In practice, individual sentences are never presented to the neural network as training-examples. Rather, only (context -> target_word) training-examples are presented, as extracted from the sentences. These have no necessary connection to their source sentences – they could hypothetically be further shuffled before presentation to the neural network, to interleave examples from different sentences. (The code doesn't do this, but my guess would be it might offer some slight quality advantage but also a slight slowdown from the extra shuffling and lesser cache-locality.)
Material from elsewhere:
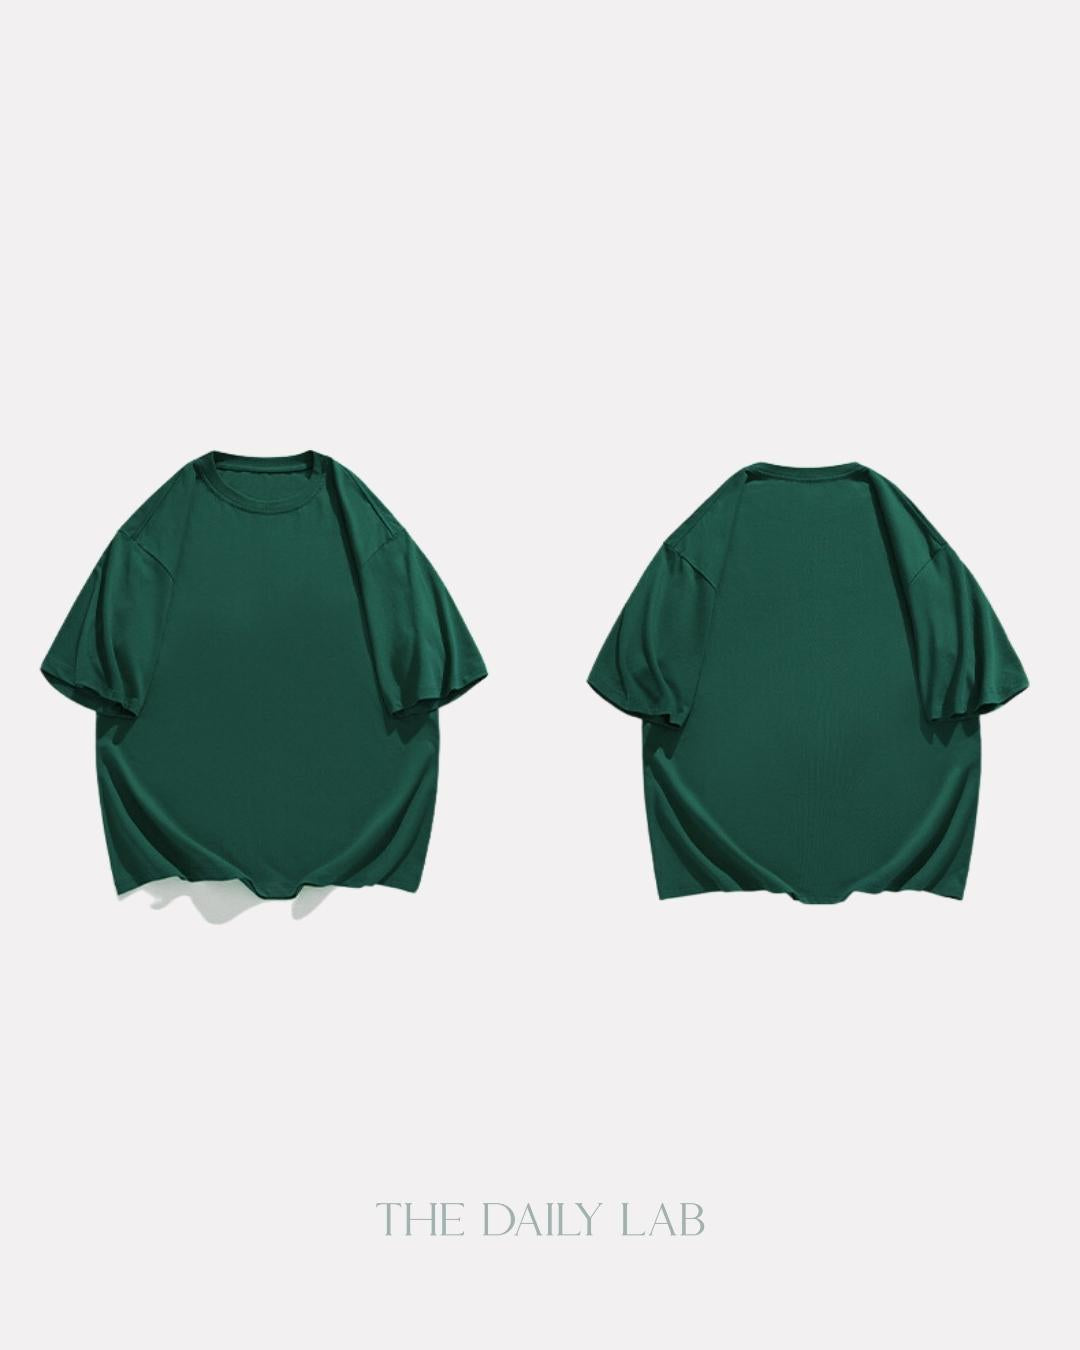 200G Cotton Oversized Tee in Green (Size XL)

Of course, the contexts differ in each mode. In Word2Vec skip-gram, 'context' is a single nearby word. In Word2Vec CBOW, 'context' is an average of nearby words. In Doc2Vec DBOW, 'context' is a single vector for a full paragraph. In Doc2Vec DBOW, 'context' is an average of nearby words and the full-paragraph vector. But in none of these cases does the value of 'context' vary based on either the count of words of the originating text-example ('sentence') or count of words in the full corpus.
I can think of a vaguely-related issue in Doc2Vec where the length of each text-example could be relevant (but isn't addressed by the 'Paragraph Vectors' paper or current implementing code).
In Doc2Vec, since the usual practice is to give each text-example a unique doc-vector, there is the issue that text-examples with wildly different lengths create different amounts of training for their corresponding doc-vectors. For example, if you have text-example A of 10 words, and text-example B of 1000 words, then the doc-A vector will get 10 training-cycles for every 1000 training-cycles that the doc-B vector gets.
In the logic of the unsupervised neural-network training, this makes sense: it's trying to predict words from contexts, there are 100x more words to predict in B, so that model is far more tuned for the 1000 words than the 10. But since downstream tasks may consider the 'A' and 'B' documents of equal importance, this might not be ideal for those other tasks.
There's no current code to tune for such imbalances, but it might plausibly make sense to either over-sample the small documents (artificially repeat them), or perhaps scale the learning-rate for individual training-examples based on the word-length of the text-example from which they originated. In those cases, a scaling would be happening based on word-lengths. But not in 'Paragraph Vectors' as described in the original paper or currently implemented.
- Gordon